A 28-year-old man presented with a painless palpable mass in the right scrotum. Scrotal ultrasound revealed a normal testicle and multiple 3 to 7 mm hyperechoic lesions adjacent to the right testis (Figure 1(a)). Contrast-enhanced computed tomography (CT) revealed high-density paratesticular tumors (Figure 1(b)). The surface coil magnetic resonance imaging (MRI) with a 1.5 tesla scanner (GE Healthcare Signa HDxt 1.5T) revealed iso- and low-intensity paratesticular tumors on T1- (Figure 1(c)) and T2-weighted MR images (Figure 1(d)), respectively. Short TI inversion recovery MRI showed low-intensity paratesticular tumors (Figure 1(e)). Water MRI showed high-intensity tumors (Figures 1(f) and 1(g)). The levels of testicular tumor markers such as α-fetoprotein, β-human chorionic gonadotropin, and lactate dehydrogenase were normal. We planned tumor biopsy combined with intraoperative rapid diagnosis. Scrotal incision was performed to explore the scrotum, and paratesticular white pedicle masses were observed (Figure 2(a)).

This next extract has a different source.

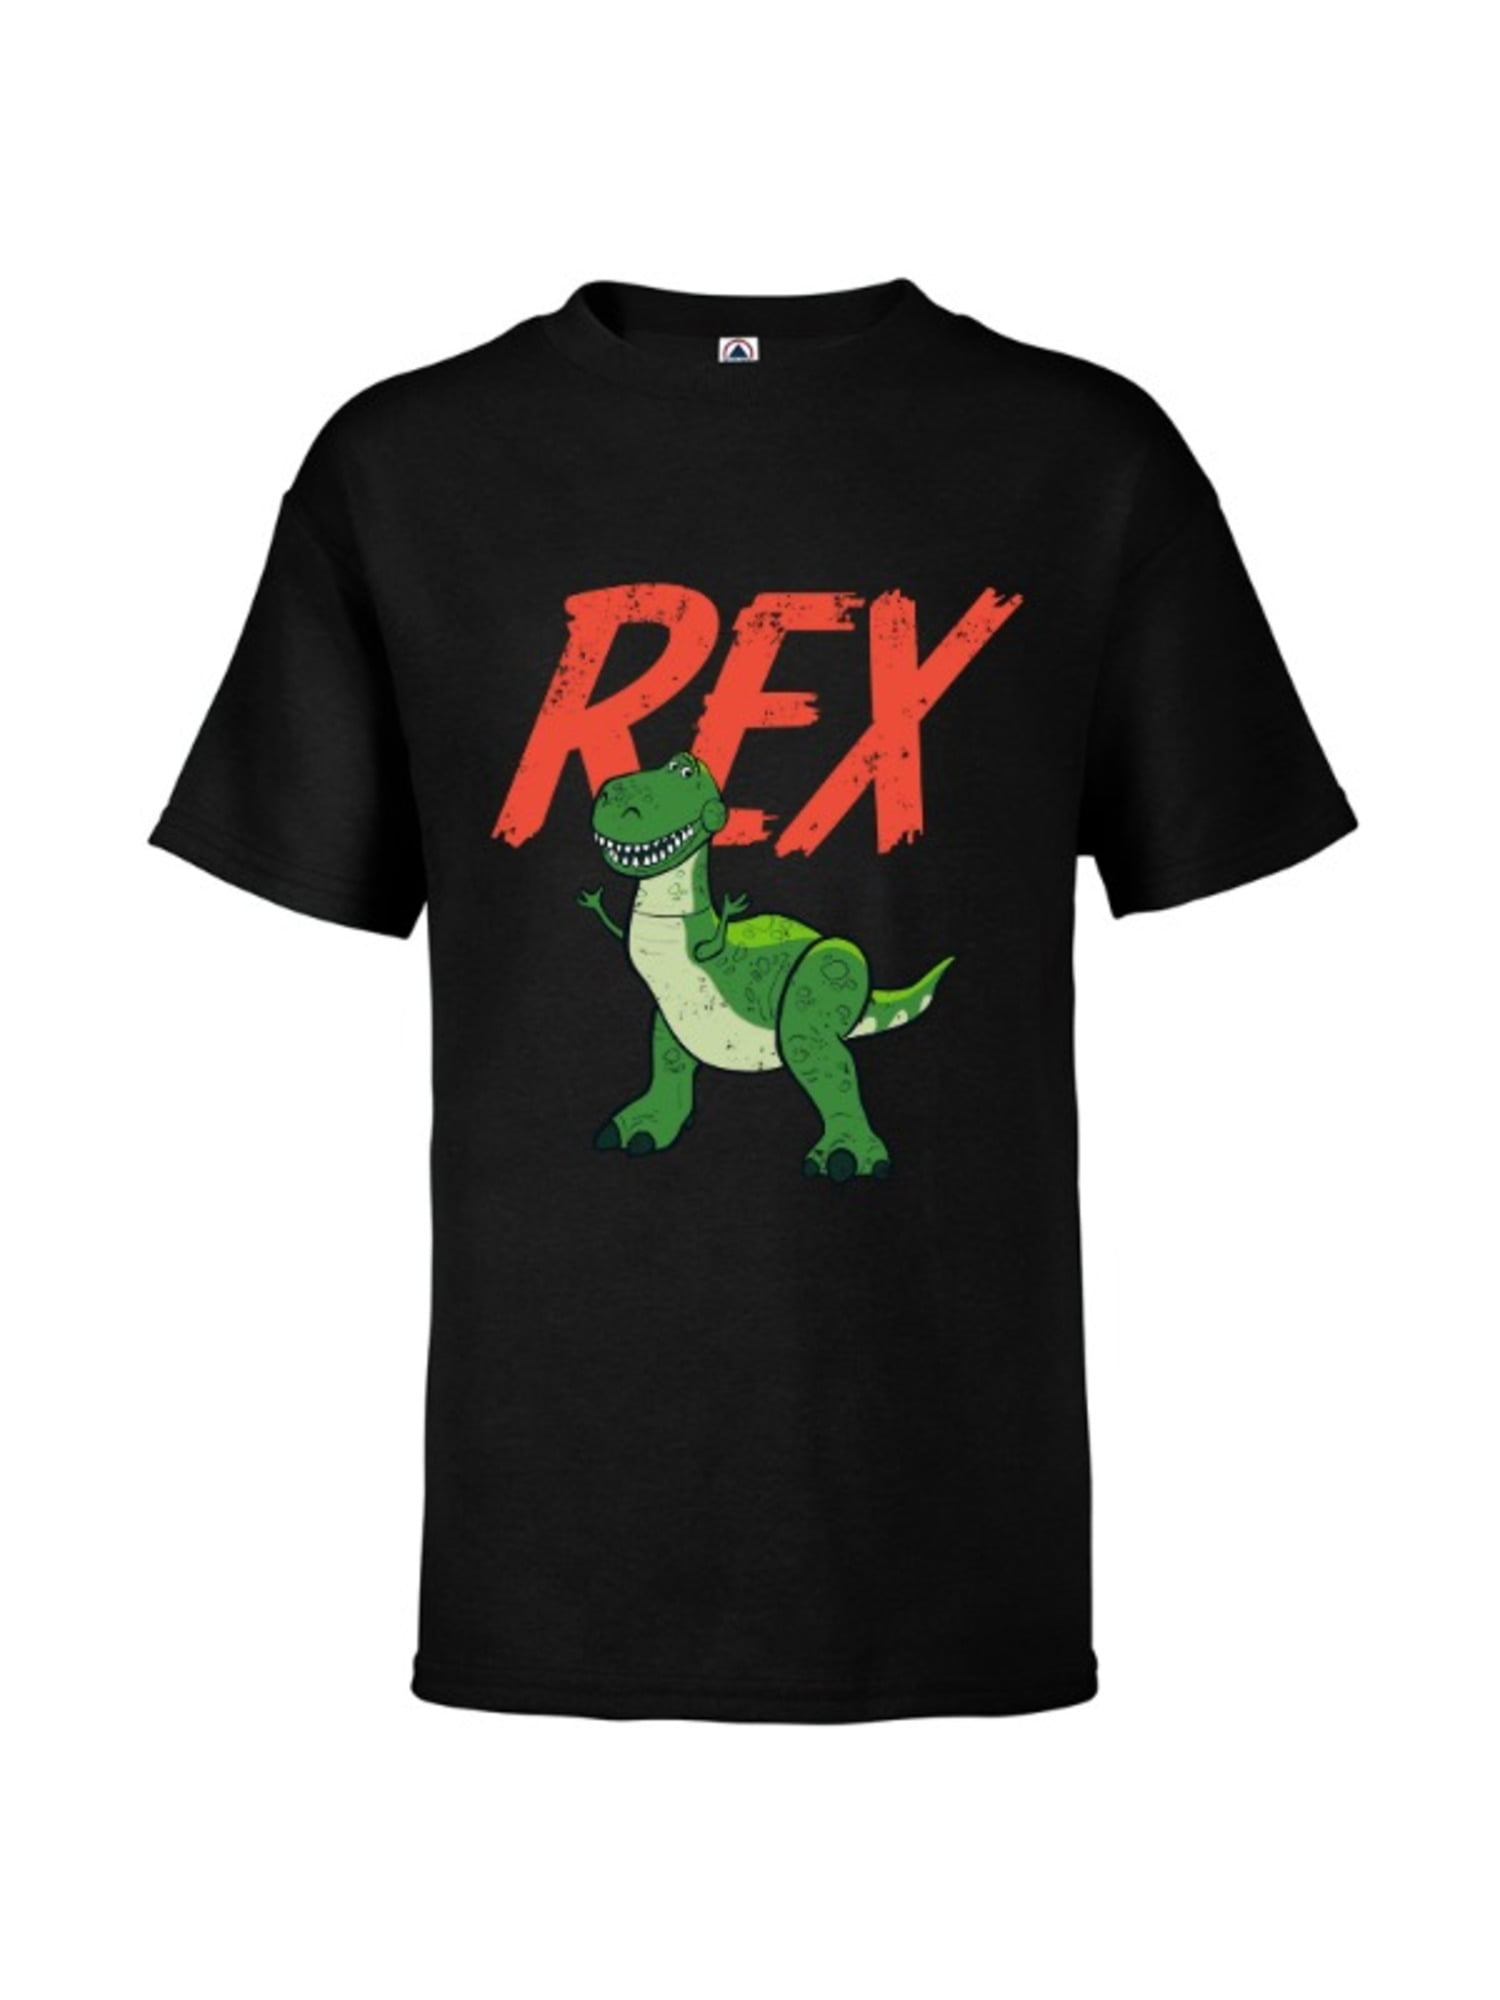 Buy Disney Pixar Toy Story 4 Camiseta Rex Dinosaur - Camiseta de manga  corta para niños - Personalizado-Negro Online at Lowest Price in Ubuy  Mexico. 792785100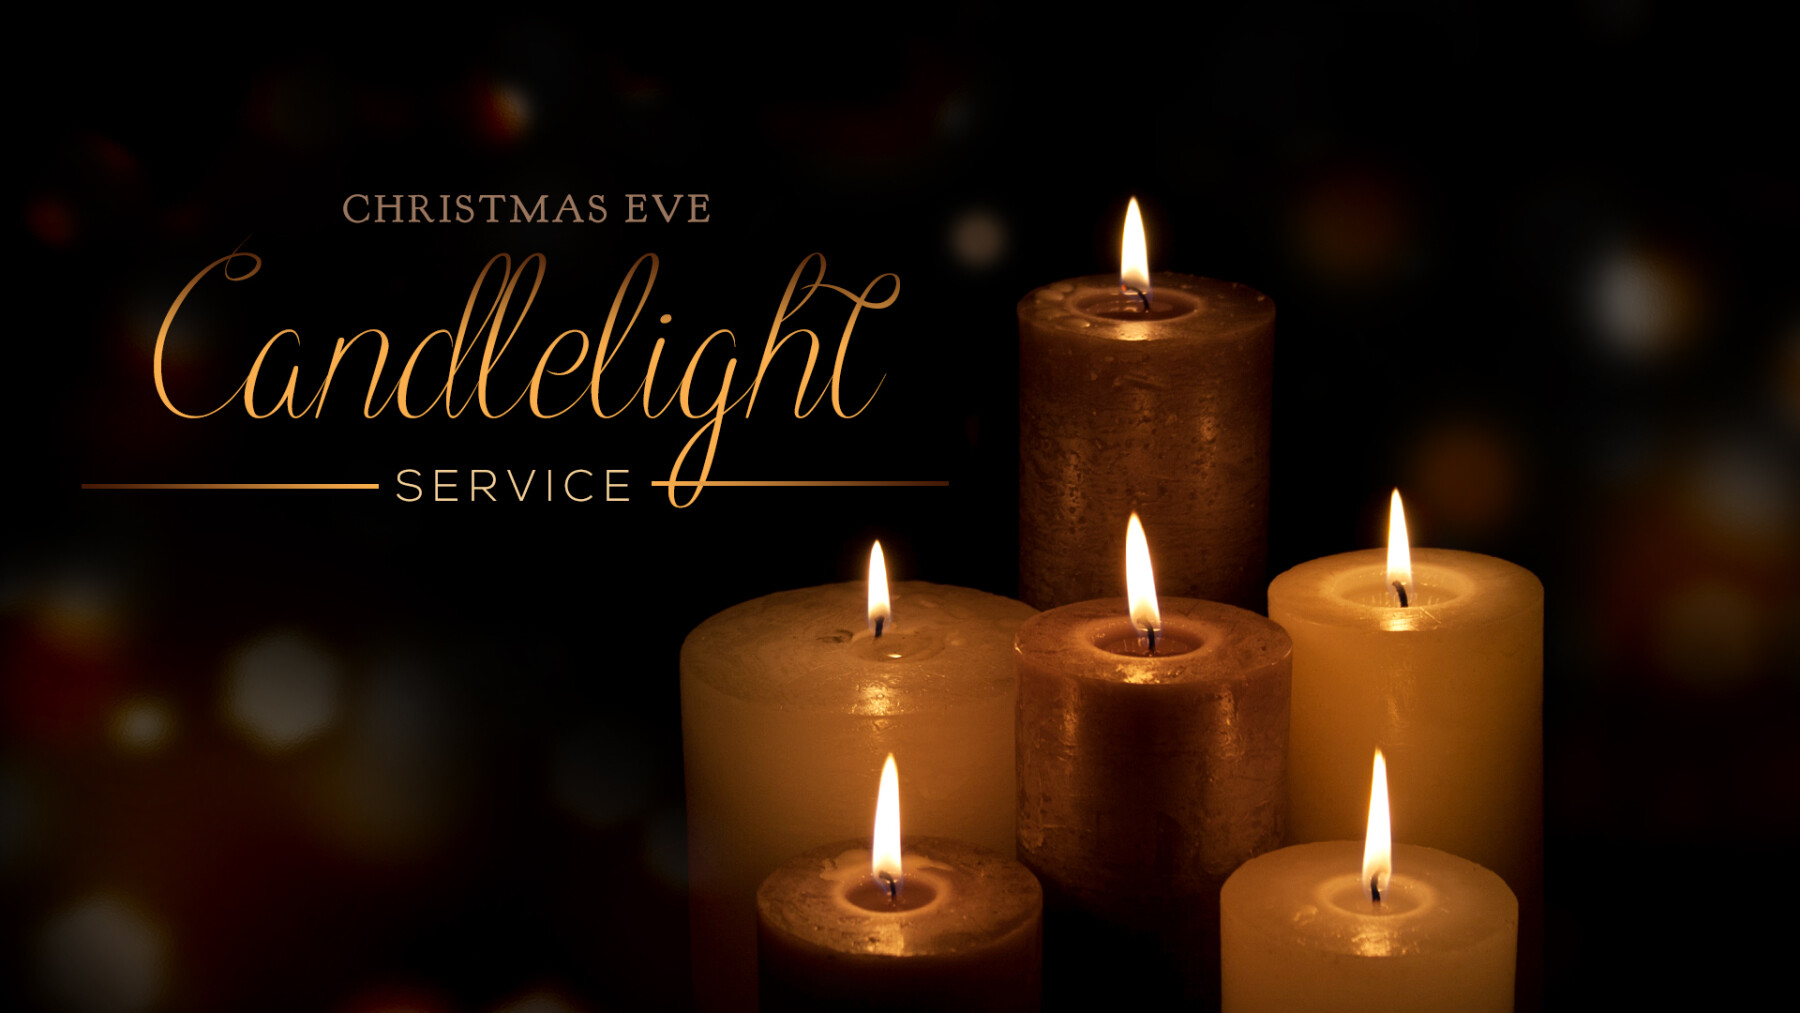 Christmas Eve Candlelight Service

Over 20 nodules were observed at the tunica vaginalis. The maximum size of nodule was approximately 15 mm. Frozen section assessment was performed, and intraoperative rapid diagnosis suggested a fibrous pseudotumor without malignancy. We excised the paratesticular white masses (Figure 2(b)) and successfully performed testicular-sparing surgery. Pathological findings revealed the proliferation of typical fibroblasts that were distributed in multidirectional bundles of dissociated collagen fibers (Figure 2(c)). Lymphocyte infiltration including immunoglobulin G4- (IgG4-) positive plasma cells was observed. Tissue IgG4 counts and IgG4/IgG ratios were 10 positive cells per high-power field on average and 10%, respectively. Ki-67 labeling index was 2%. Immunohistochemical staining was negative for D2-40 (mesothelioma, Figure 2(d)), calretinin (mesothelioma, Figure 2(e)), β-catenin (desmoid-type fibromatosis, Figure 2(f)), and anaplastic lymphoma kinase (ALK) (inflammatory myofibroblastic tumor, Figure 2(g)). No recurrences have been noted after 12 months of follow-up.

3. Discussion

A paratesticular fibrous pseudotumor is a relatively rare benign disease and was first reported in 1904 by Balloch [1]. Pseudotumor was coined by Mostofi and Price in the AFIP Atlas 1973 [8]. The overall incidence of paratesticular fibrous pseudotumor is exceptionally rare with approximately 200 cases reported to date [3, 916]. The relative incidence of paratesticular fibrous pseudotumor in relation to testicular germ cell tumors was reported to be 1 : 200 [9]. Approximately 85% of cases originate from the tunica vaginalis, followed by the epididymis, spermatic cord, or tunica albuginea. Although the etiology is unknown, a history of trauma, surgery, infection, and inflammatory hydrocele is suggested to be associated with the development of a disease. Recently, it is suggested that paratesticular fibrous pseudotumor might be a part of IgG4-related sclerosing disease, which has an abundance of IgG4-staining plasma cells [9, 12, 17]. The diagnosis of IgG4-related disease is based on the combined presence of the characteristic histopathological appearance and increased numbers of IgG4+ plasma cells. The critical histopathological features are a dense lymphoplasmacytic infiltrate, a storiform pattern of fibrosis, obliterative phlebitis, tissue IgG4 counts, and IgG4/IgG ratios (approximately >40%) [18]. In addition, IgG4 elevation in serum may support the diagnosis. However, the proportion of IgG4-positive cells among IgG-producing plasma cells in our case was only 10%. Unfortunately, immunoglobulin serum profiles had not been taken in our patients. However, similar to our case, no etiological factor can be detected in most cases. Because the pathogenetic relevance of this test had not been considered during the clinical management, further studies are necessary to clarify the etiology of paratesticular fibrous pseudotumor.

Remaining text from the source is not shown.